Before we establish a procedure that will run FMRIPREP many times to cancel out such variability, we’d like to understand what causes it. We thought ANTs could be the culprit but we also observe temporal variability in the *_desc-preproc_bold.nii.gz, which rules ANTs out since registration would affect all volumes equally. We also thought of ICA-AROMA but the latter should (so we understand) not affect the *_desc-preproc_bold.nii.gz files, just produce covariates in the *_desc-confounds_timeseries.tsv file.

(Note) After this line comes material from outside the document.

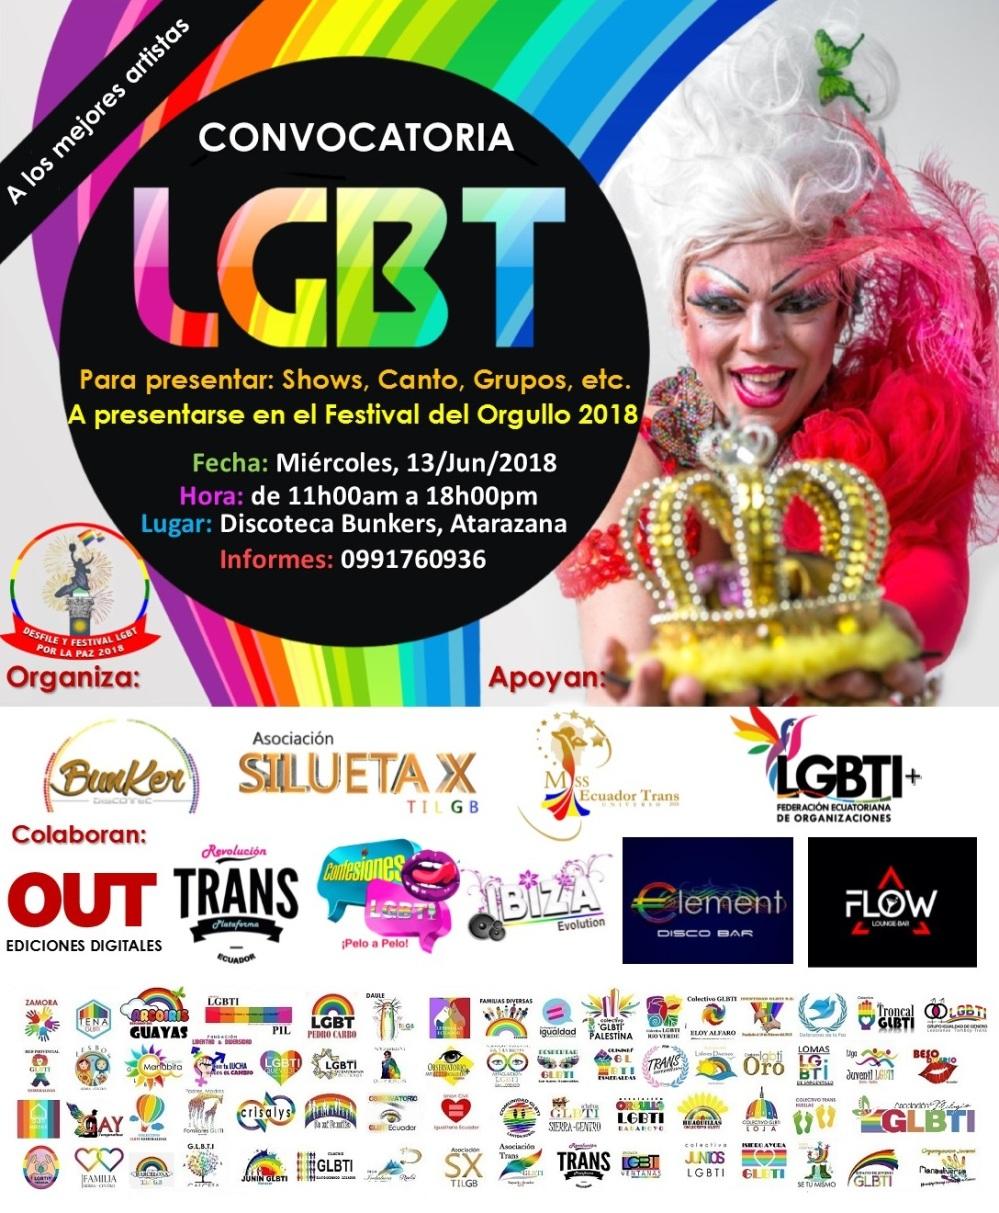 Convocatoria a artistas LGBT para el Festival 2018

The screenshot below shows the maps of the correlations of the time series of pairs of runs of FMRIPREP. That is, for every voxel from *_desc-preproc_bold.nii.gz file, we correlate the time series of that voxel with the homologous voxel in the *_desc-preproc_bold.nii.gz from a different run of FMRIPREP (that presumably used a different random seed). Note that the variability isn’t random, having some spatial pattern. Note also that it isn’t negligible. While we’ve set the colorbar between 0.95 and 1, we have correlations here as low as 0.27 in some places – and have seen them even negative!

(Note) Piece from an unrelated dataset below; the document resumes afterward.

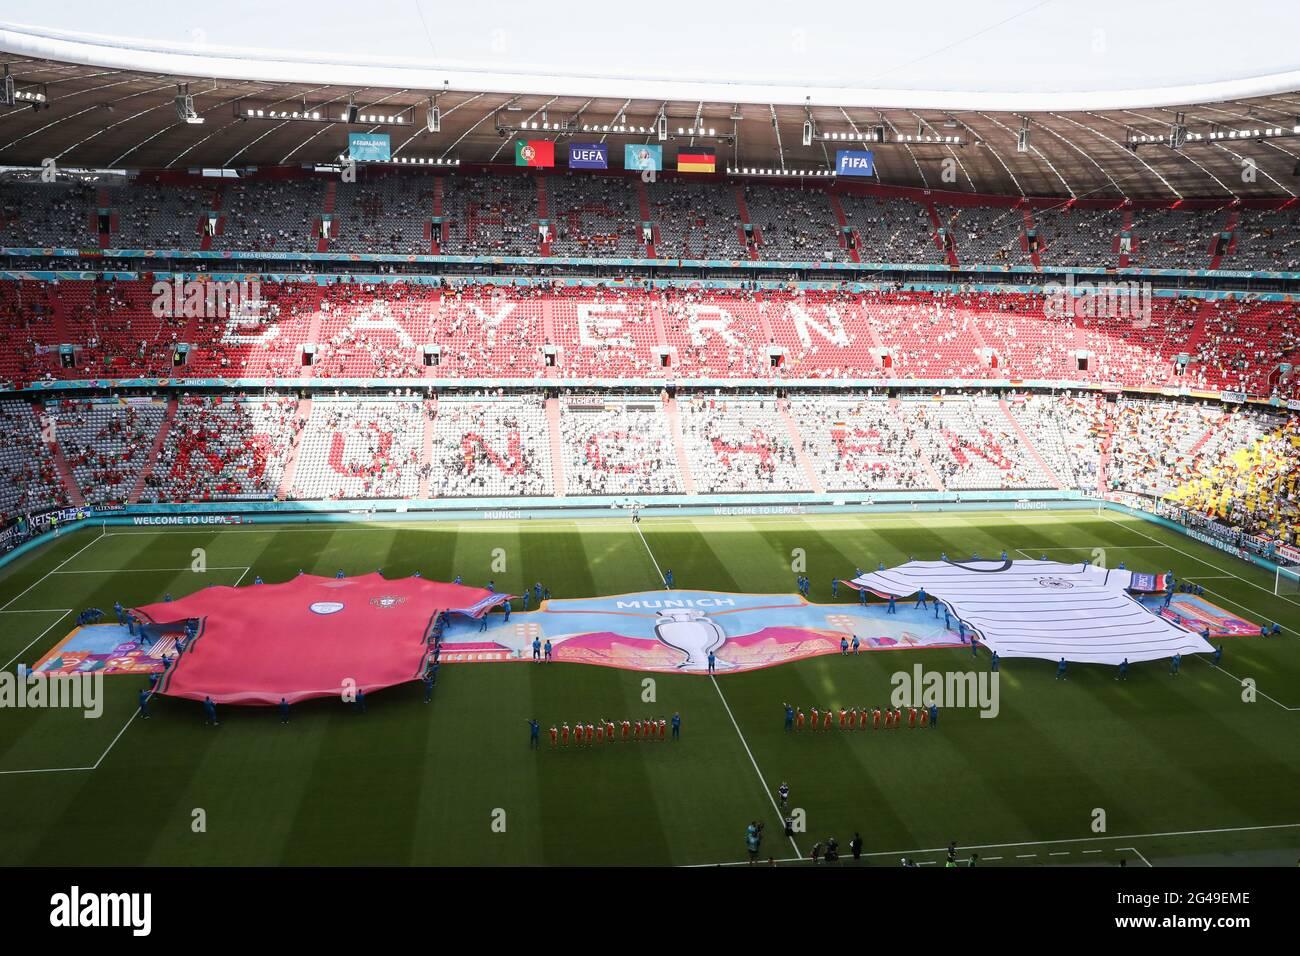 Munich, Allemagne. 20 juin 2021. La photo prise le 19 juin montre une vue d'une performance avant le match de l'UEFA Euro 2020 Championship Group F entre le Portugal et l'Allemagne à Munich, en Allemagne. Credit: Shan Yuqi/Xinhua/Alay Live News Banque D'Images

What could be causing this?

Thanks!

All the best,

Anderson

Just fyi, the calls to FMRIPREP were (the run names are in the headers of the windows in the screenshot):

# run E
fmriprep [REDACTED]/BIDS/AP2 ${TMPDIR}/s9900.out participant --participant_label s9900 -w ${TMPDIR}/s9900.wrk --notrack --output-space MNI152NLin2009cAsym:res-2 fsaverage --nthreads 1 --omp-nthreads 1 --skip_bids_validation --use-aroma

# run F
fmriprep [REDACTED]/BIDS/AP2 ${TMPDIR}/s9900.out participant --participant_label s9900 -w ${TMPDIR}/s9900.wrk --notrack --output-space MNI152NLin2009cAsym:res-2 fsaverage --nthreads 1 --omp-nthreads 1 --skip_bids_validation --use-aroma

# run G
fmriprep [REDACTED]/BIDS/AP2 ${TMPDIR}/s9900.out participant --participant_label s9900 -w ${TMPDIR}/s9900.wrk --notrack --output-space MNI152NLin2009cAsym:res-2 fsaverage --nthreads 1 --omp-nthreads 1 --skip_bids_validation

# run H
fmriprep [REDACTED]/BIDS/AP2 ${TMPDIR}/s9900.out participant --participant_label s9900 -w ${TMPDIR}/s9900.wrk --notrack --output-space MNI152NLin2009cAsym:res-2 fsaverage --nthreads 1 --omp-nthreads 1 --skip_bids_validation

winkler · March 15, 2021, 2:29pm

I’d like to kindly bump this thread up.

Also, to facilitate finding this in the future, I’m writing here “FMRIPREP is not reproducible”, to help search engines.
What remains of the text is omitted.